[TASK REQUIREMENTS]: Write out, please, each line from the one containing "Vintage poster of" to the final line of the data, both included, exactly and without pictures.

[RECORDED DATA]:
------------------------------

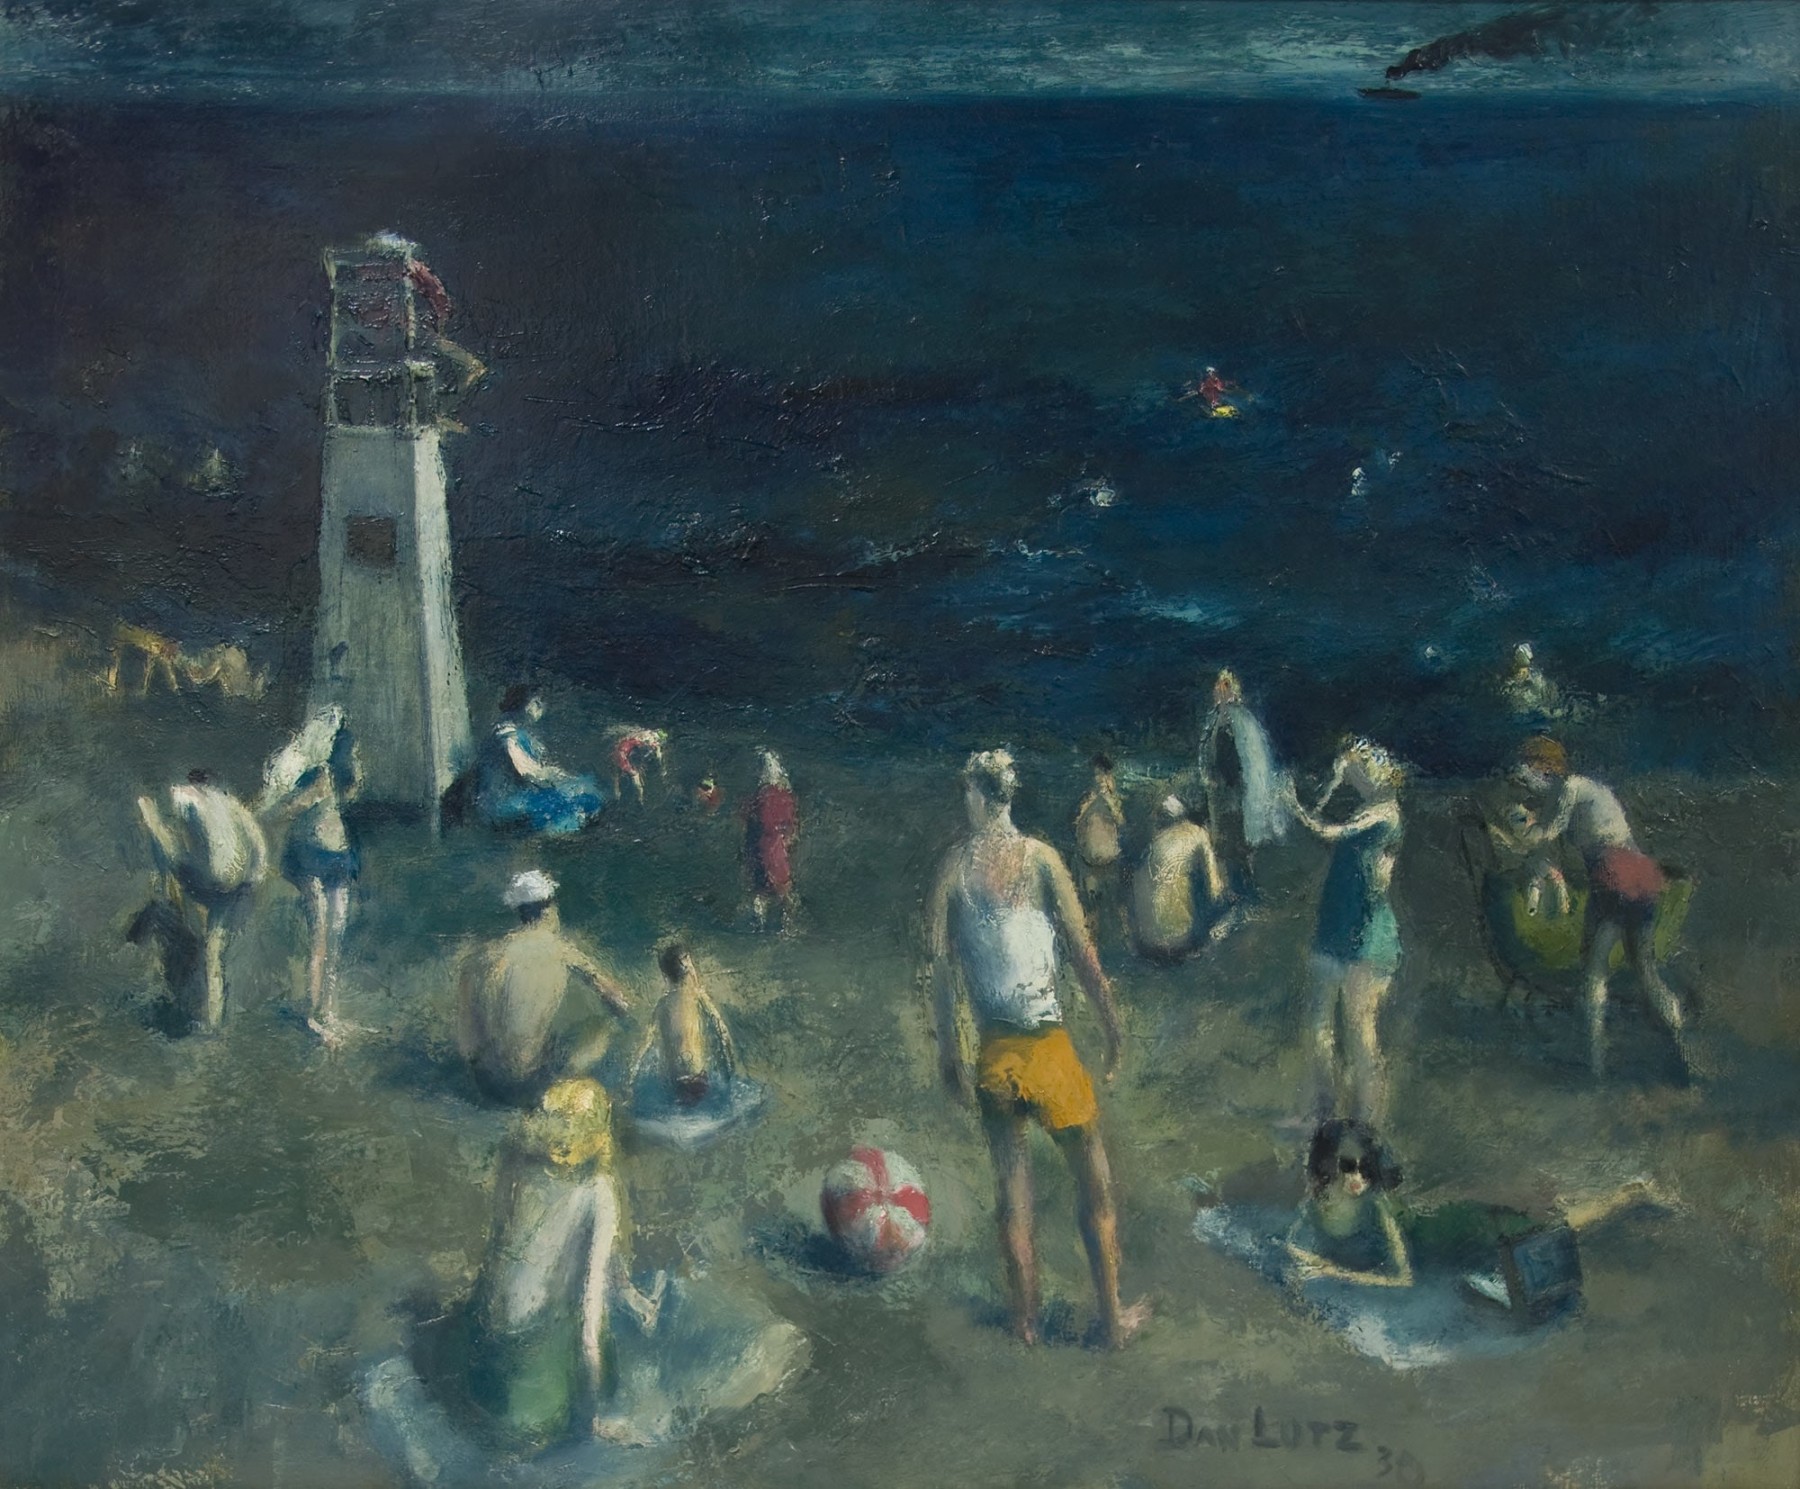 DAN LUTZ (1906-1978), Untitled (Lifeguard Tower), 1930
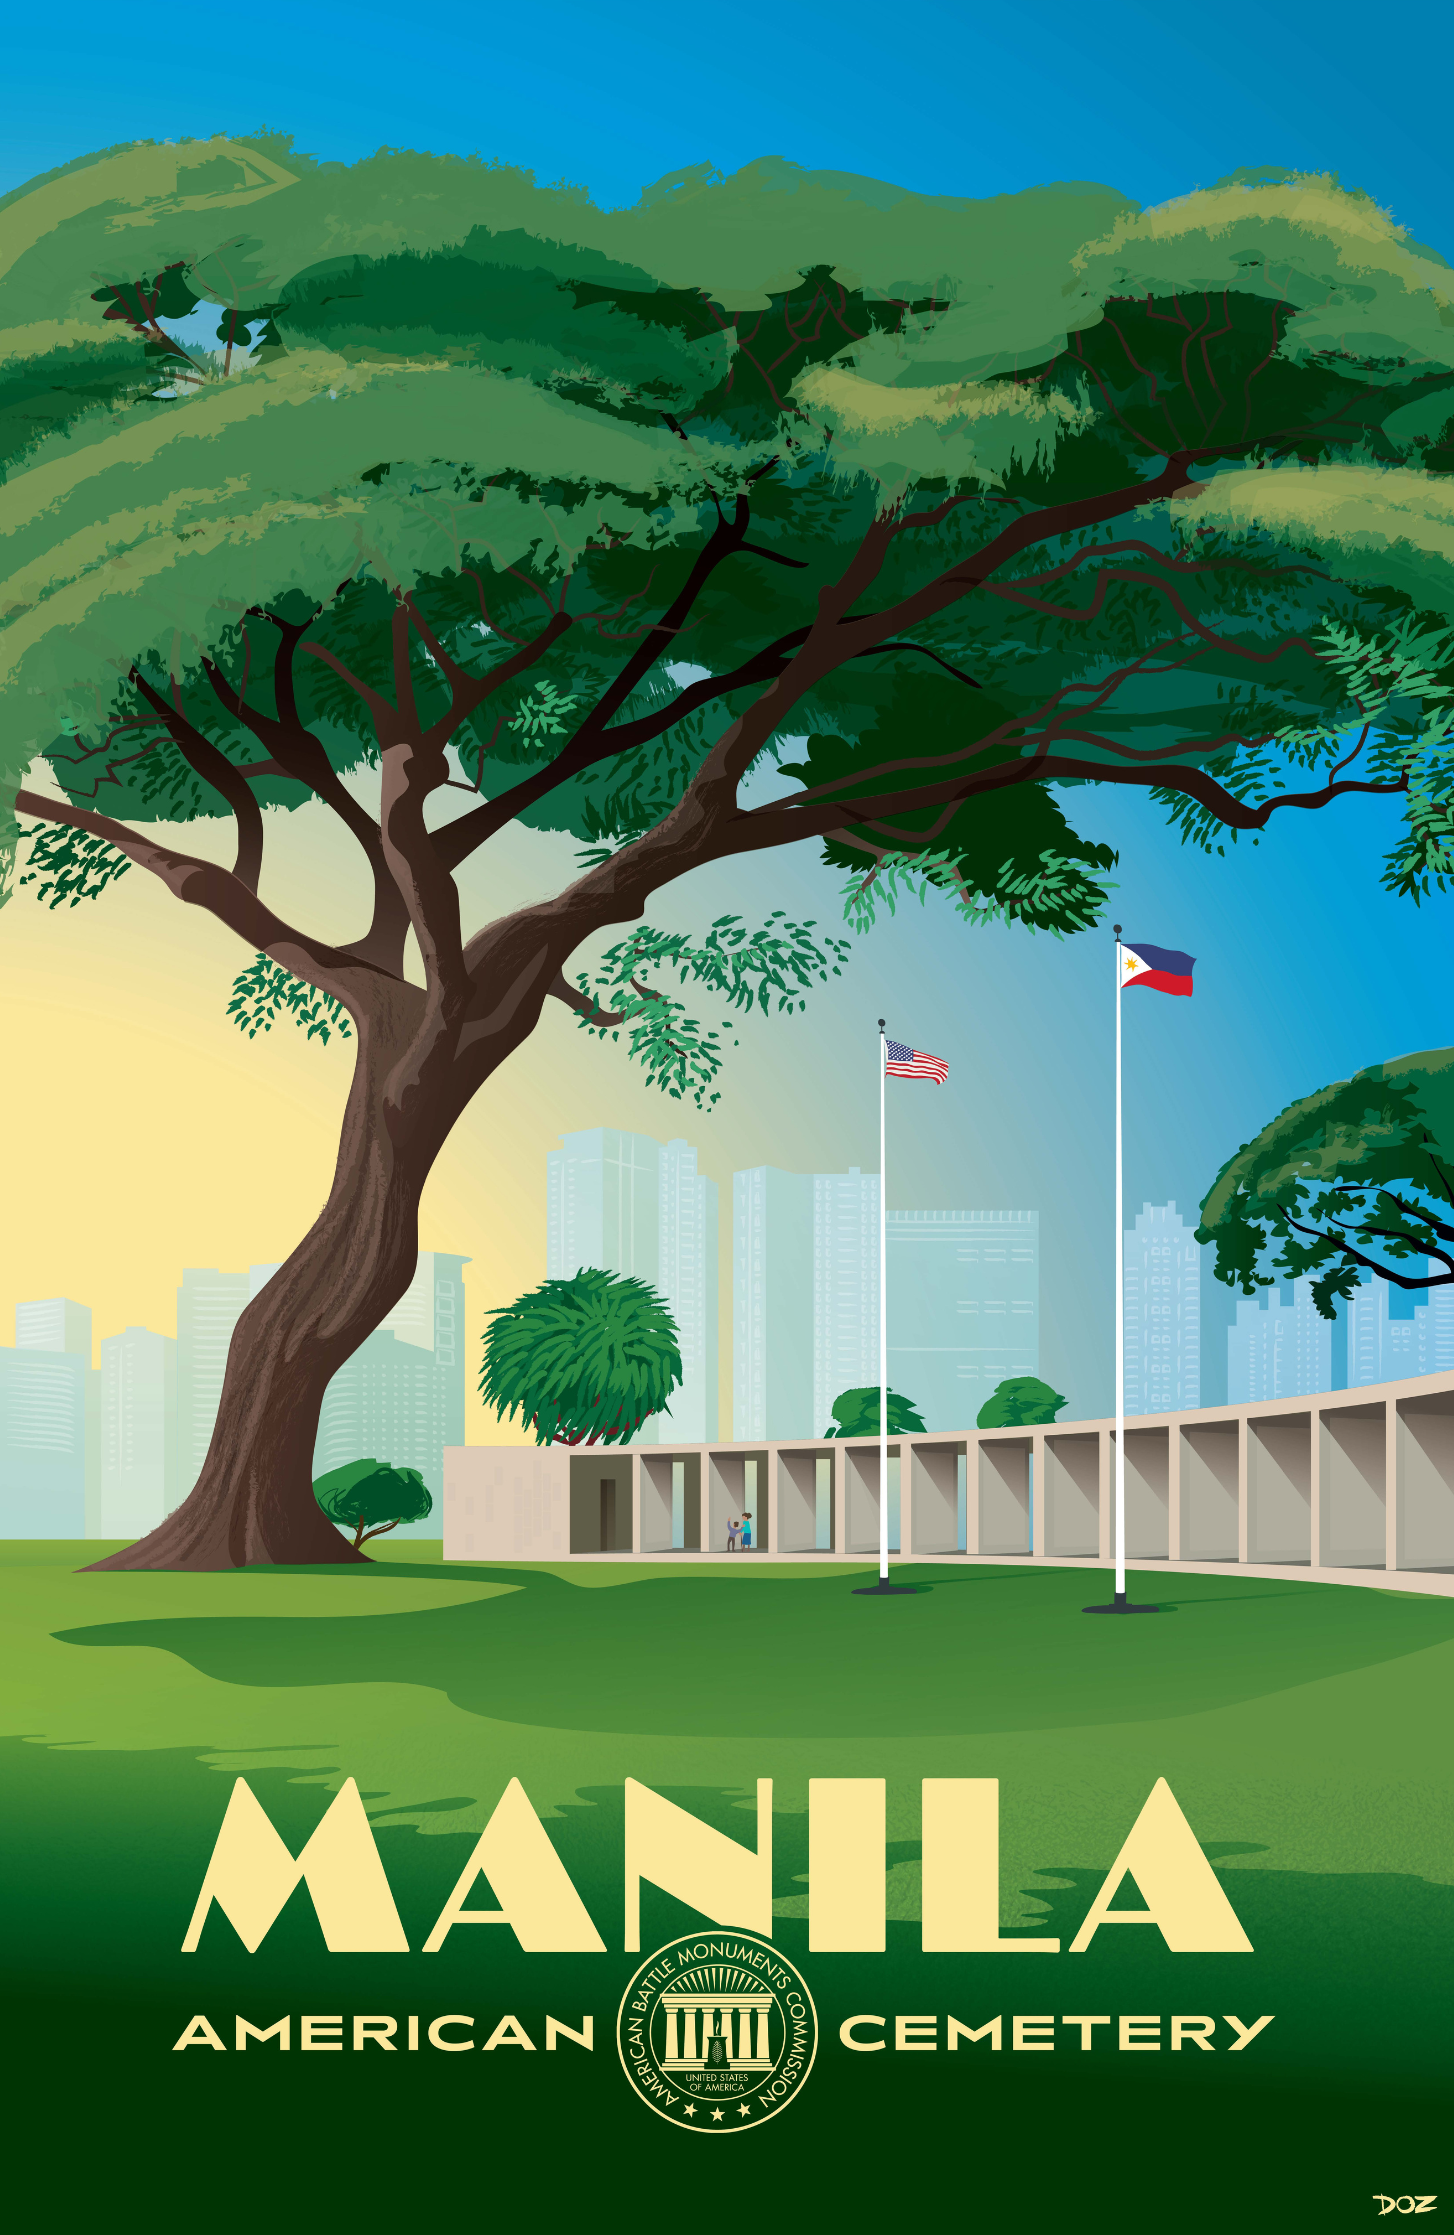 Vintage poster of Manila American Cemetery created to mark ABMC Centennial
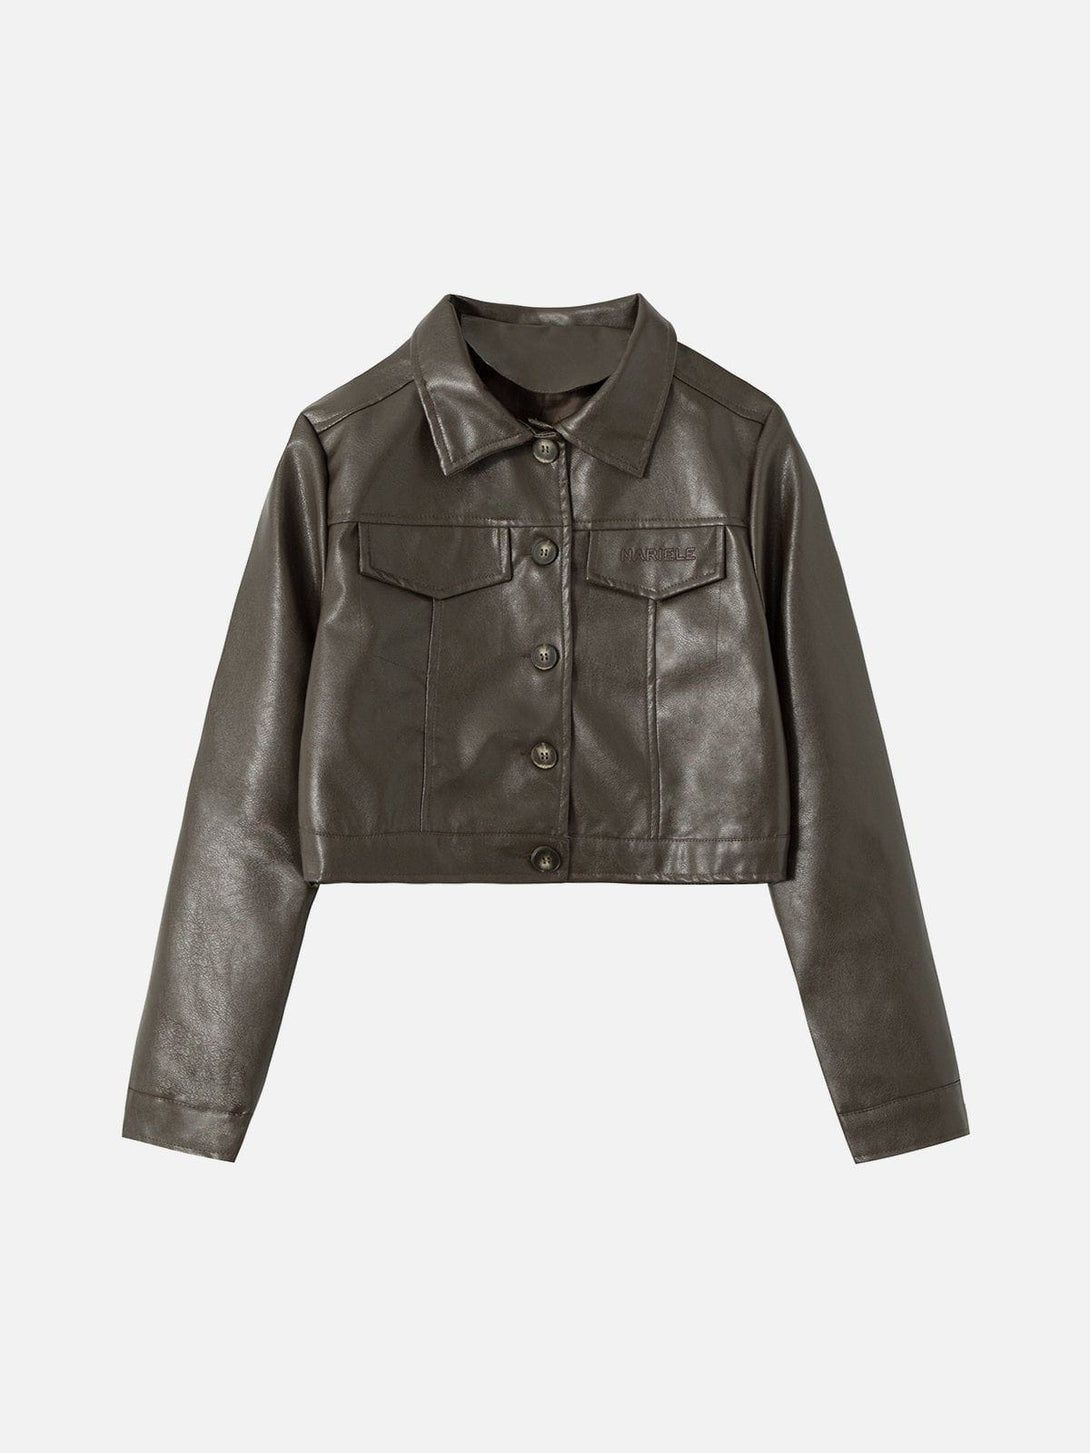 Majesda® - Patchwork Crop Pu Leather Jacket outfit ideas, streetwear fashion - majesda.com

------------------------------

[ANSWER FOR THIS EXERCISE]:
 Vintage poster of Manila American Cemetery created to mark ABMC Centennial
 Majesda® - Patchwork Crop Pu Leather Jacket outfit ideas, streetwear fashion - majesda.com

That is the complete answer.